_Material provided_
+===+

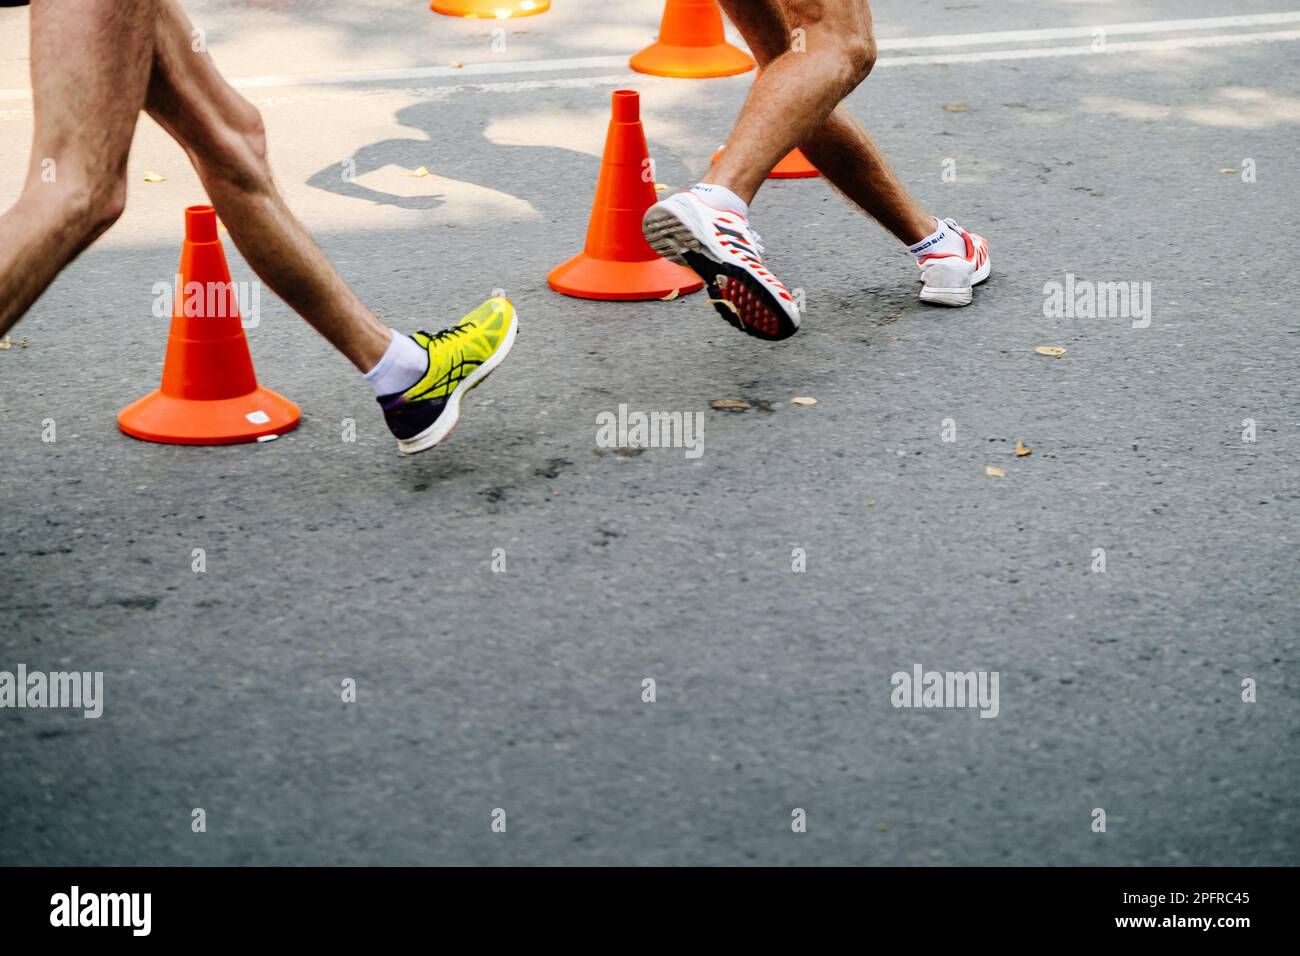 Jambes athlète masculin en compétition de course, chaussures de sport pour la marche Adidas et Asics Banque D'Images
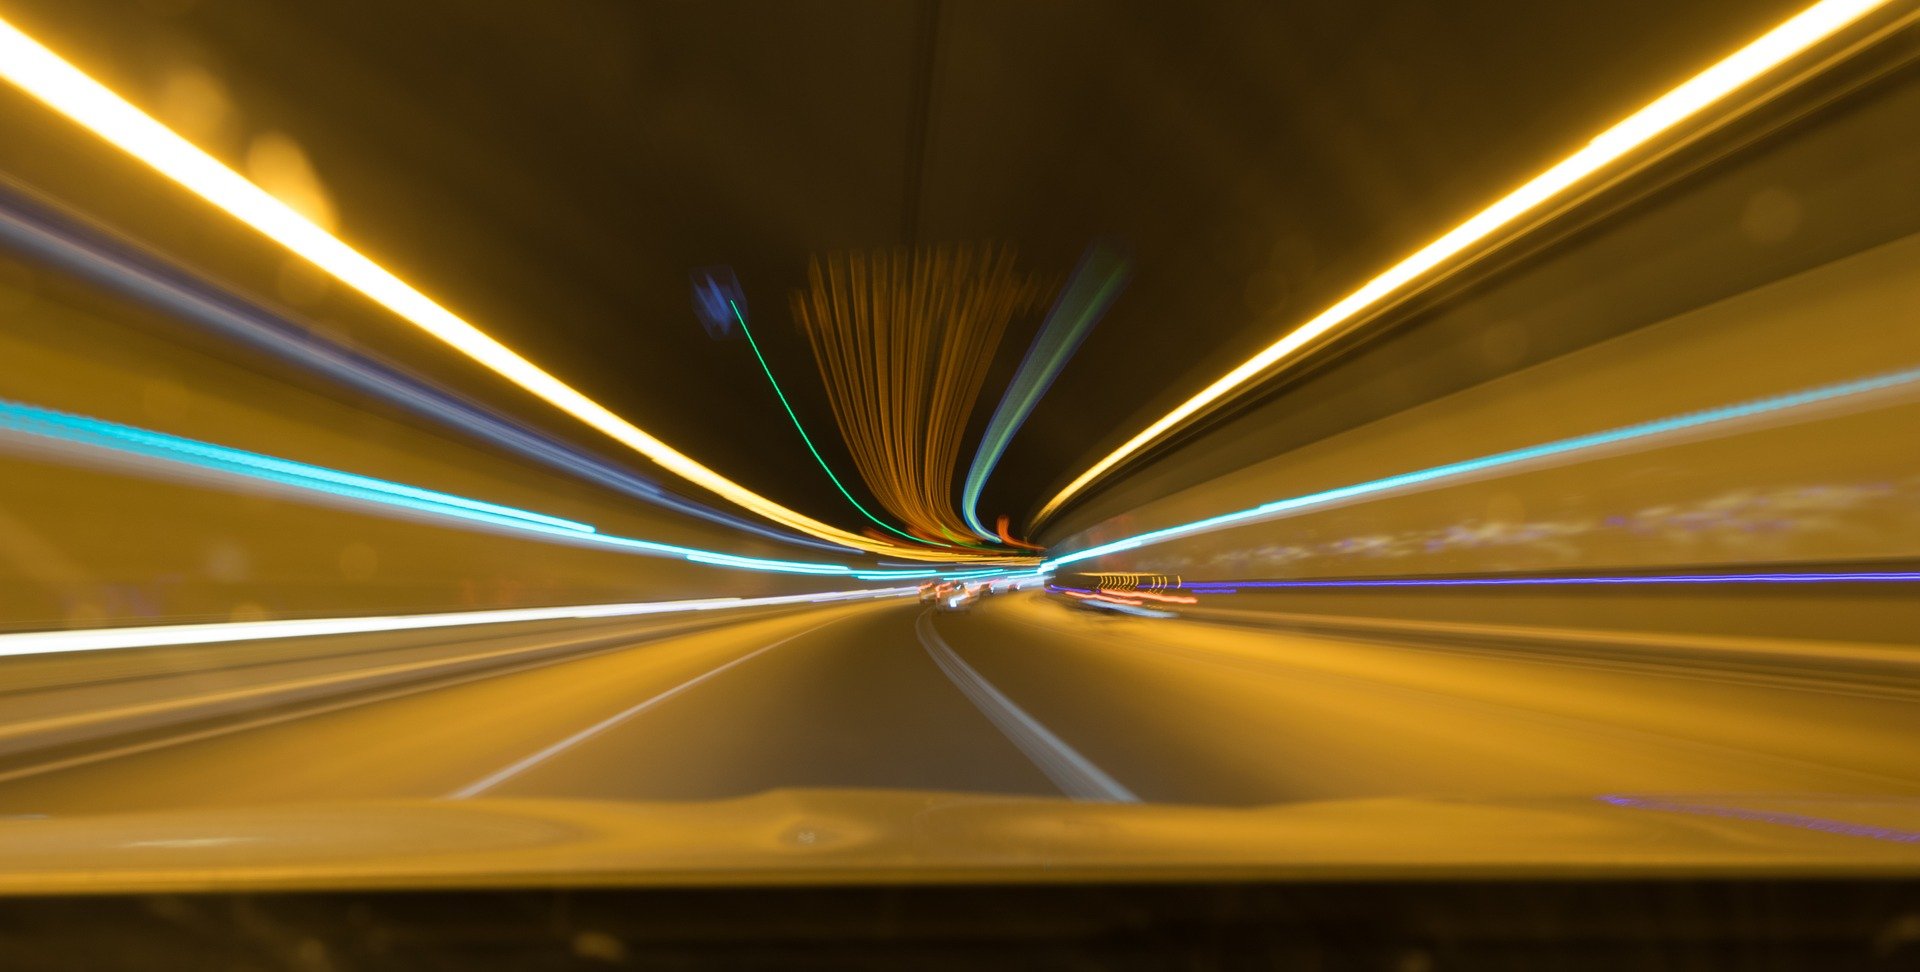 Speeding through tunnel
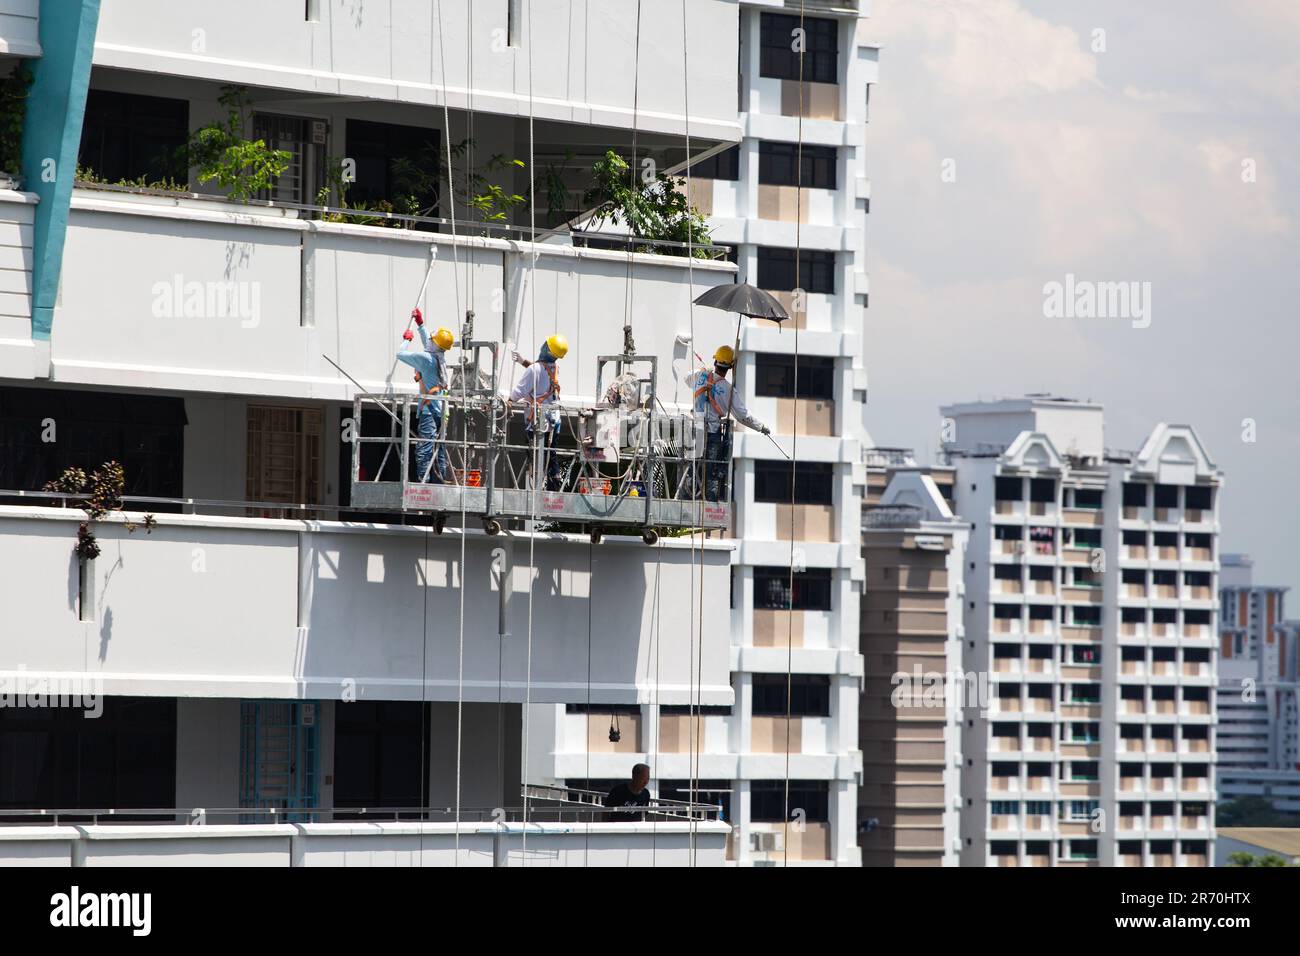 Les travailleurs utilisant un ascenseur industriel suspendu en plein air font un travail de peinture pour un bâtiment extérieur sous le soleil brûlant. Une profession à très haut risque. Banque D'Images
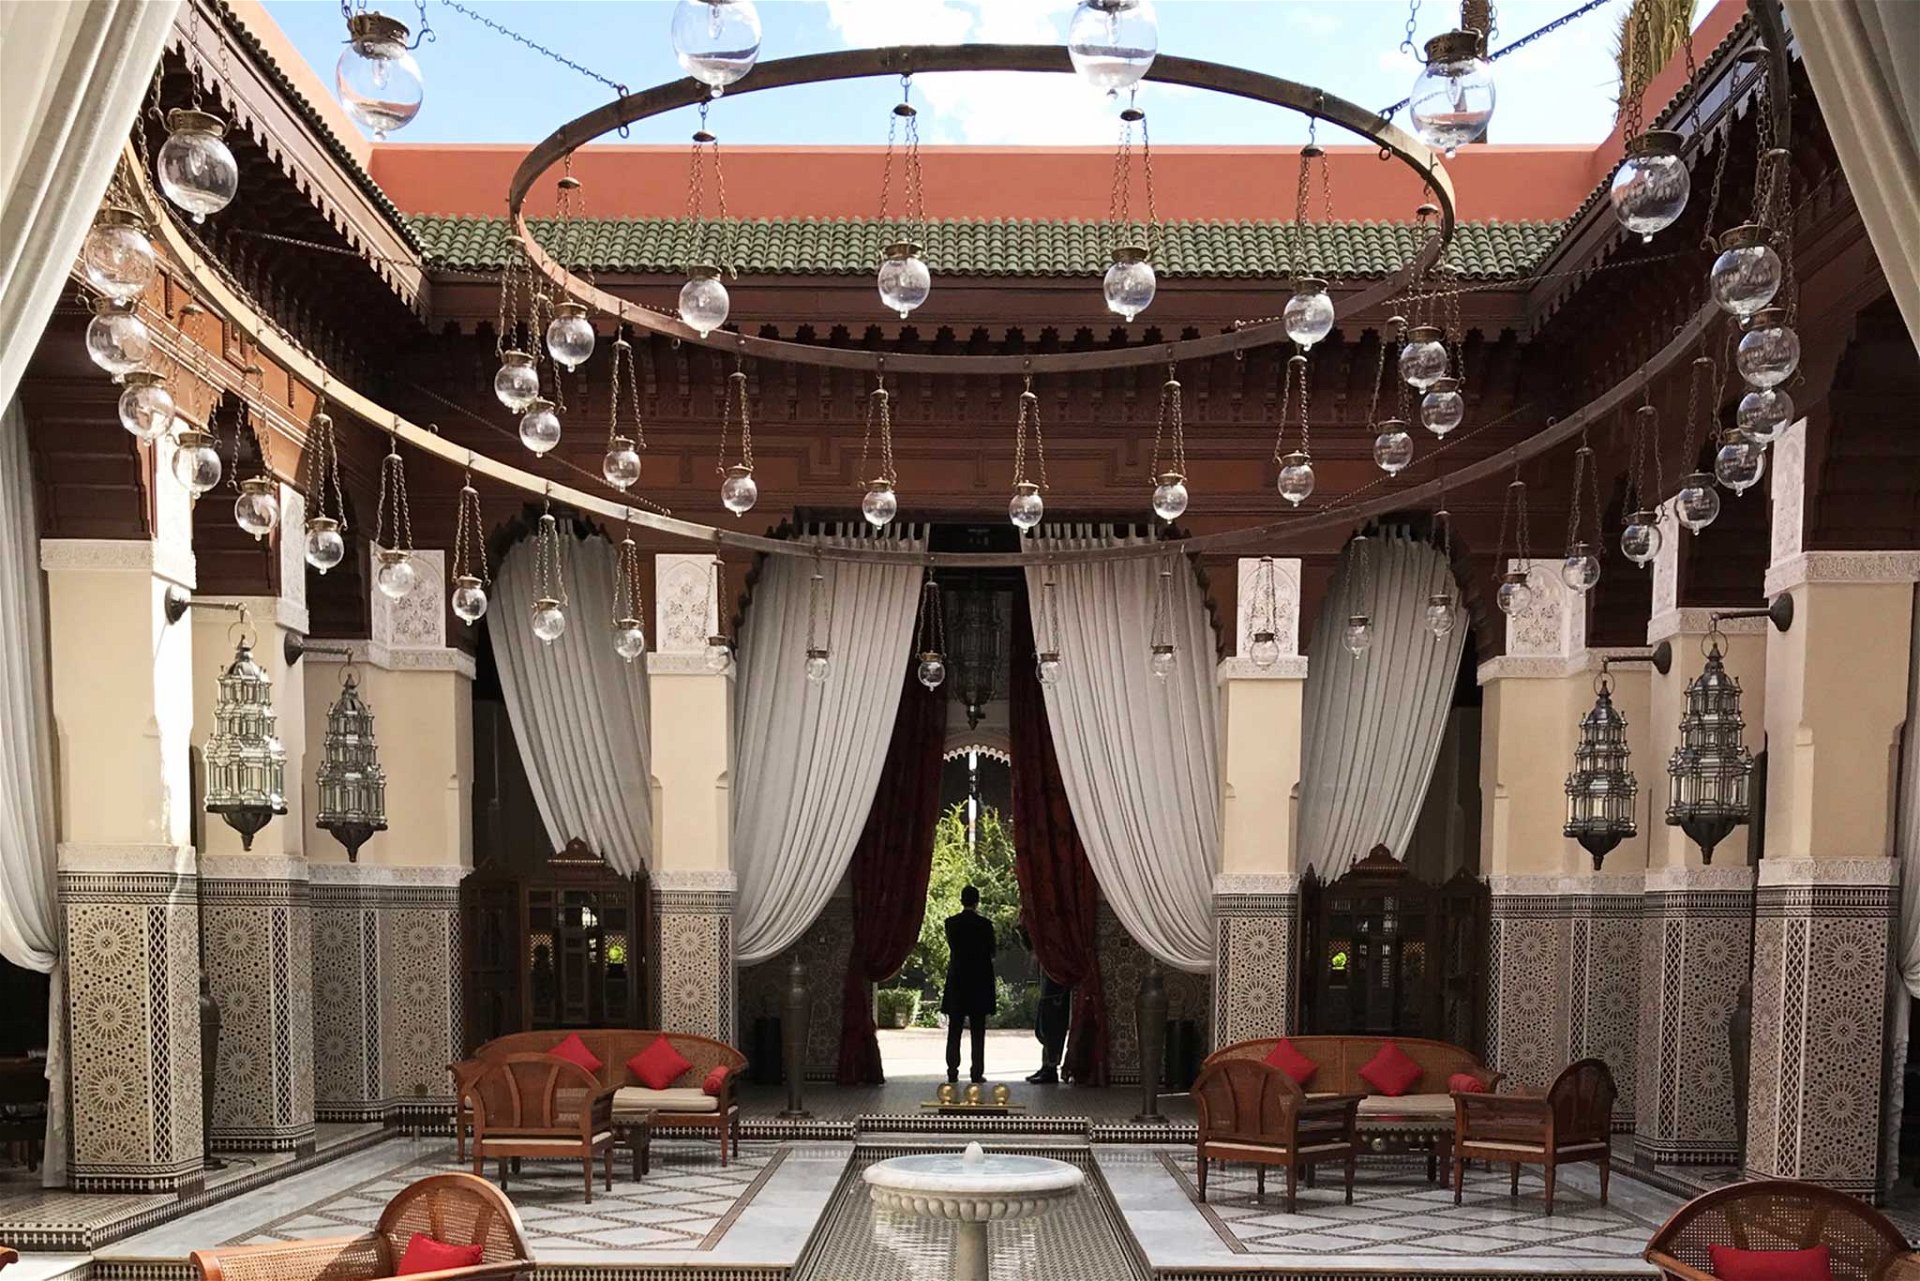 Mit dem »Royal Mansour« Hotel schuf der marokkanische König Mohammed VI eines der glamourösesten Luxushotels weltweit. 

+===+

_Directions for this task_
Reproduce the final stretch of lines exactly: the line containing "Les travailleurs utilisant" through the last line of the data, both included. Pictures do not belong in the copy.

_Result of the exercise_
 Les travailleurs utilisant un ascenseur industriel suspendu en plein air font un travail de peinture pour un bâtiment extérieur sous le soleil brûlant. Une profession à très haut risque. Banque D'Images
 Mit dem »Royal Mansour« Hotel schuf der marokkanische König Mohammed VI eines der glamourösesten Luxushotels weltweit. 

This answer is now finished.